The nice thing about this demonstration is that all involved software components are taken without changes from upstream. All involved VMs are running the default RHEL kernel and userspace. CRIU is running from a git checkout of the criu-dev development branch and runC is running from git checkout of the master branch.

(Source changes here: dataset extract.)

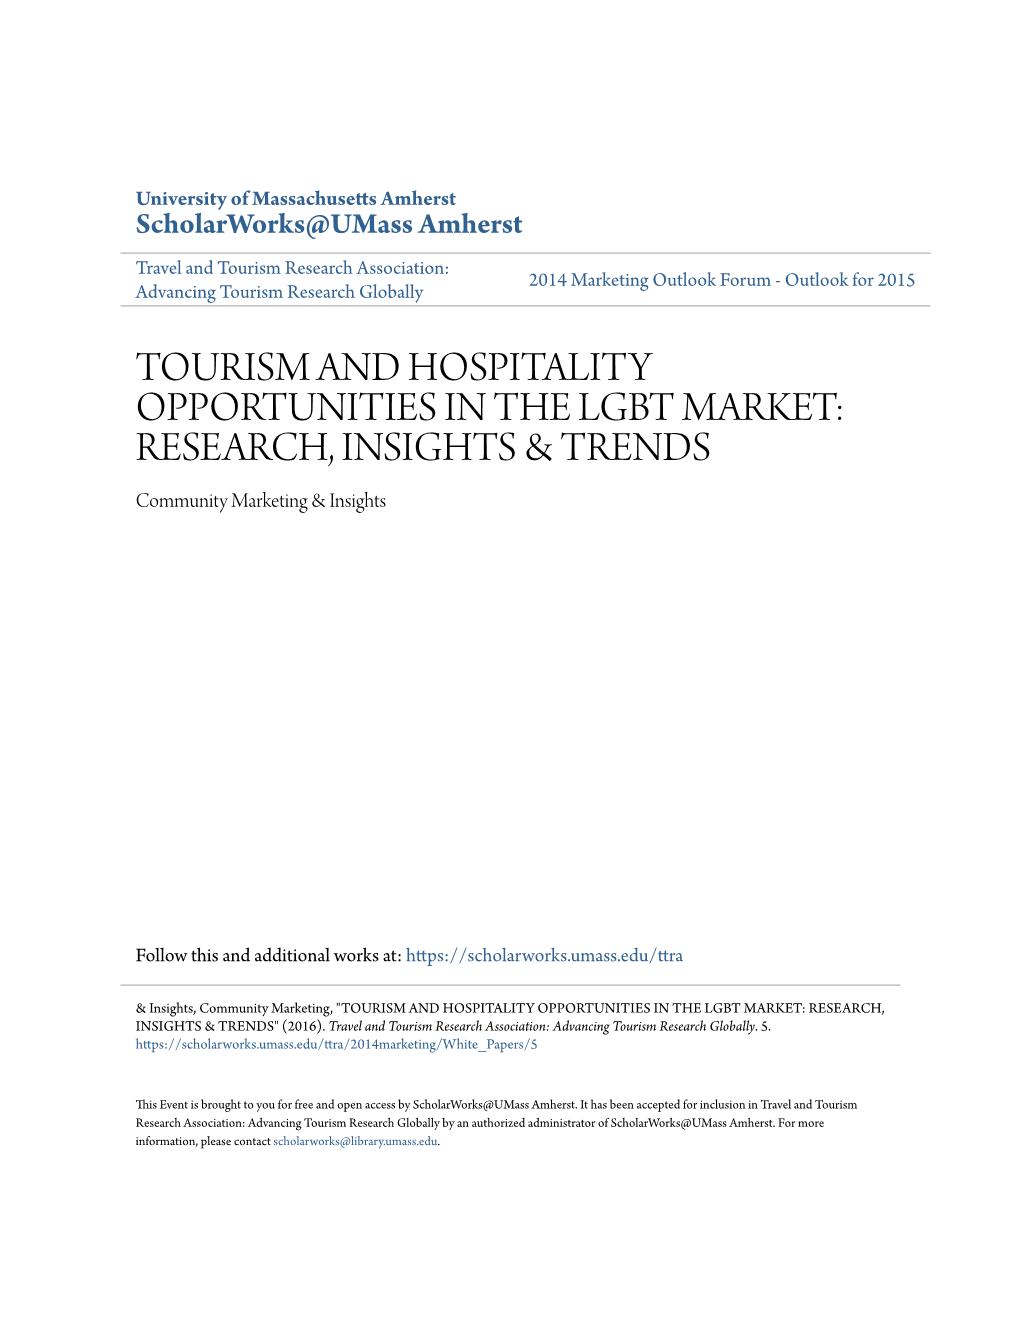 TOURISM and HOSPITALITY OPPORTUNITIES in the LGBT MARKET: RESEARCH, INSIGHTS & TRENDS Community Marketing & Insights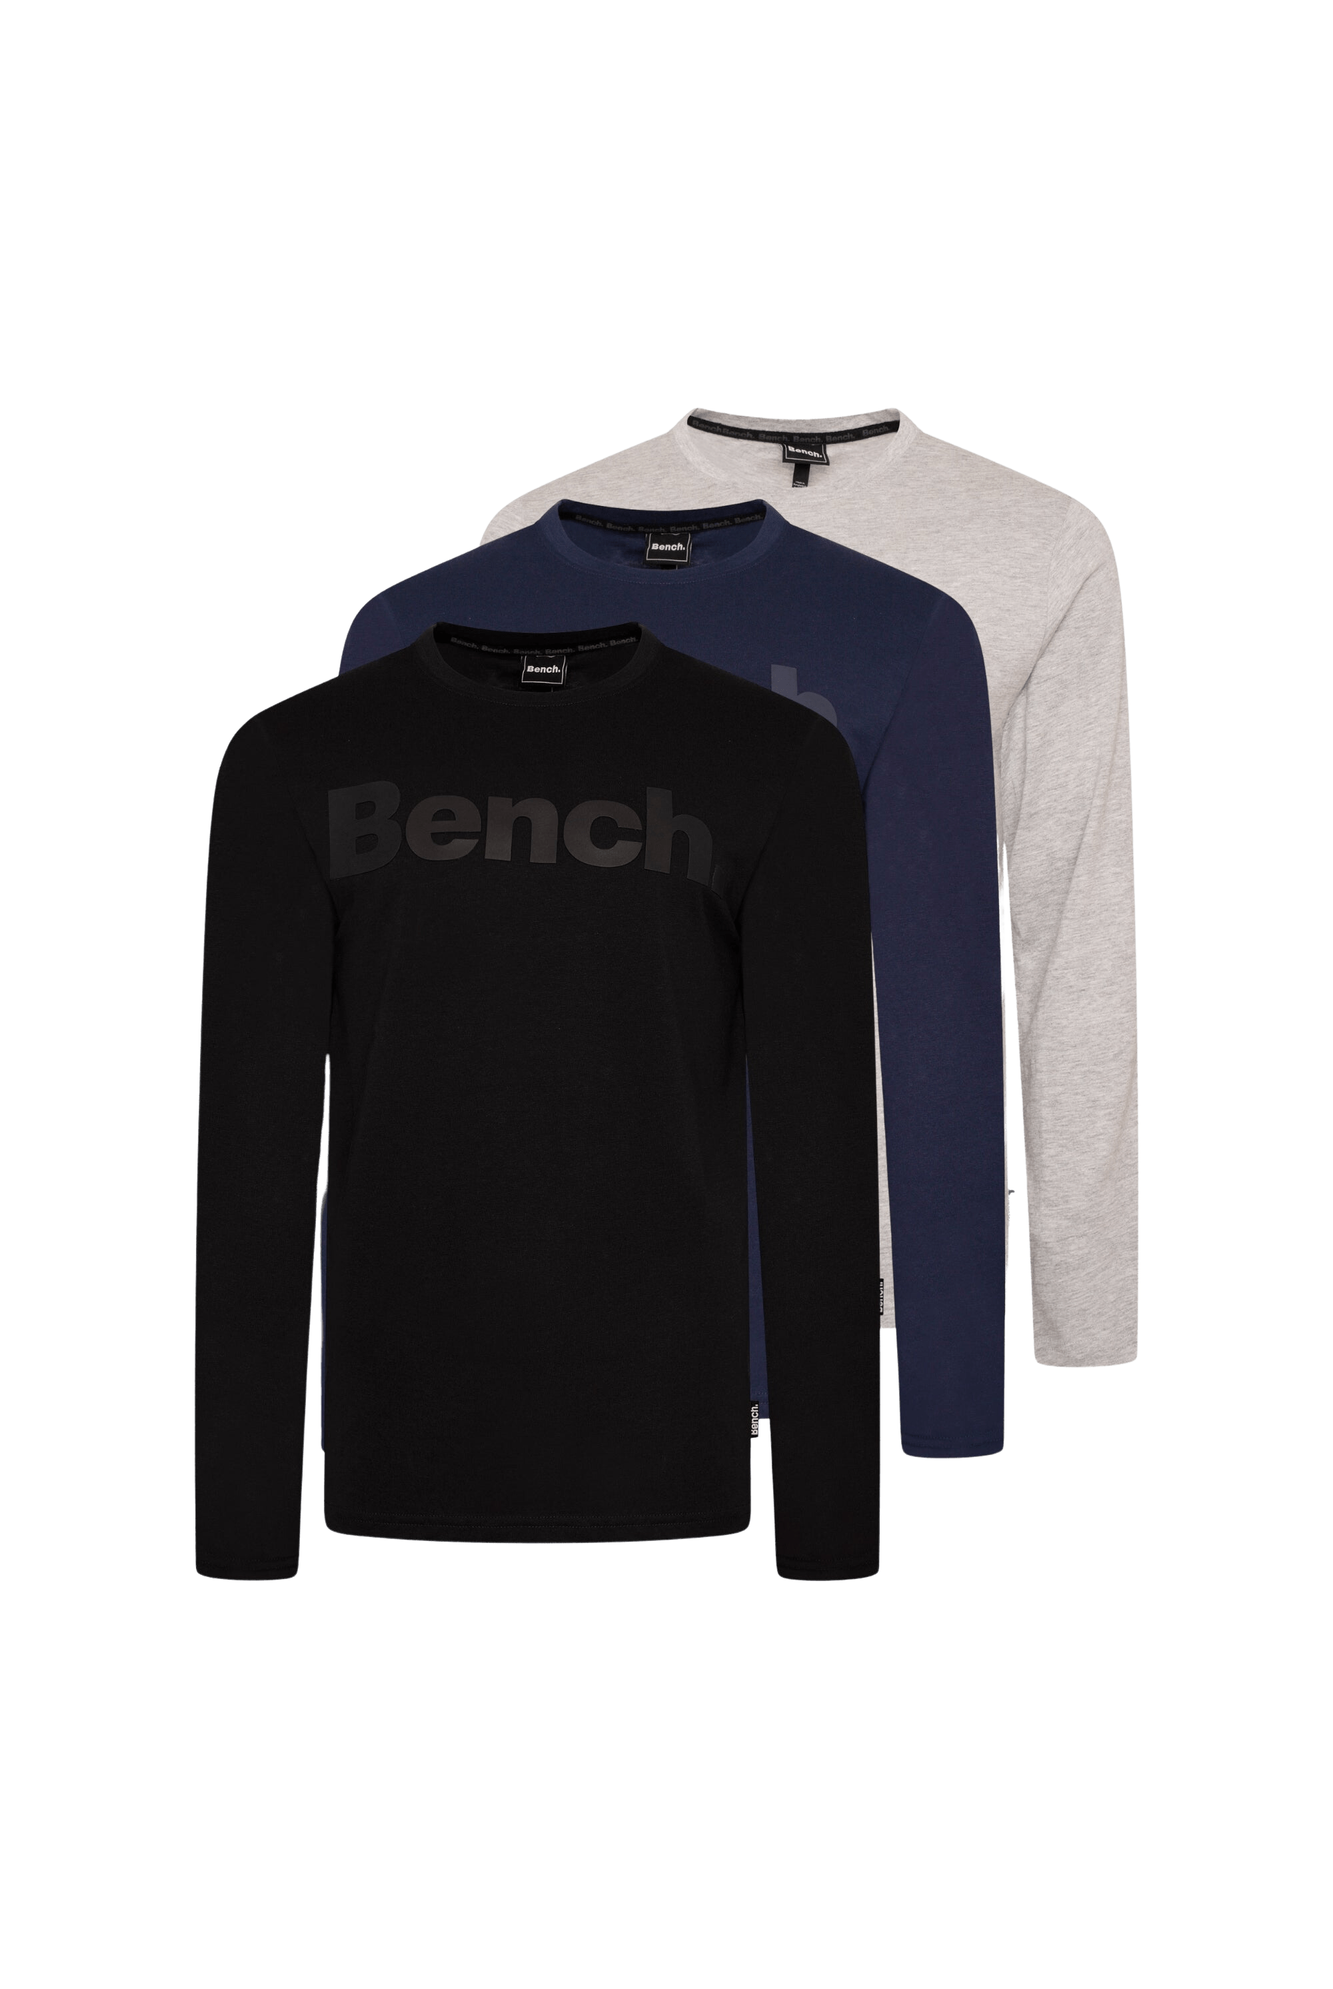 Bench: Value Multipack Tees, Tracksuits & More for Men & Women – Bench  Clothing - Mens, Womens

With this setup not only pre-copy migration is possible but also post-copy migration which is also called lazy migration. Especially the combination of pre-copy optimization and lazy migration is interesting as it offers the lowest downtimes during container migration. Using my migration script this is possible by setting the third (pre-copy) and fourth parameter (post-copy) to ‘true’:

#️ migrate xonotic rhel02 true true
runc checkpoint  --pre-dump --image-path parent xonotic finished after 0 second(s) with 0
PRE-DUMP size: 351M    /runc/containers/xonotic/parent
Transferring PRE-DUMP to rhel02
PRE-DUMP transfer time 0.1 seconds
runc checkpoint --image-path image  --parent-path ../parent --lazy-pages --page-server localhost:27 --status-fd /tmp/postcopy-pipe xonotic
Ready for lazy page transfer
runc checkpoint --image-path image  --parent-path ../parent --lazy-pages --page-server localhost:27 --status-fd /tmp/postcopy-pipe xonotic finished after 0.08 second(s) with 0
Giving floating IP to rhel02
DUMP size: 204K    /runc/containers/xonotic/image
Transferring DUMP to rhel02
DUMP transfer time 0.15 seconds
runc restored xonotic successfully

The biggest visual difference is that the second dump of the container is much smaller than all the previous steps. Instead of 20MB it now says about 200K, which is everything necessary for the migration besides the actual memory pages. The memory pages are transferred from the migration source system to the migration destination system on-demand which reduces the actual downtime of the whole container migration. Just as the pre-copy migration support, ‘lazy migration’ support is also integrated in the respective upstream projects.

Summary

In this article I presented all the details necessary to set up a runC container and how to live migrate it once around the world. The first migration, from one local virtual machine to another virtual machine, works with Red Hat Enterprise Linux 7.4 out of the box without any additional requirements. For the optimized cases (pre-copy and post-copy) I am using the latest upstream git checkouts. All presented features are, however, fully merged in the corresponding upstream projects and can easily be tested. I have also recorded a video demonstrating the migration around the world. If you are going to this year’s Open Source Summit Europe in Prague please come to my talk Container Migration Around The World for more details, live demonstrations and answers for your questions.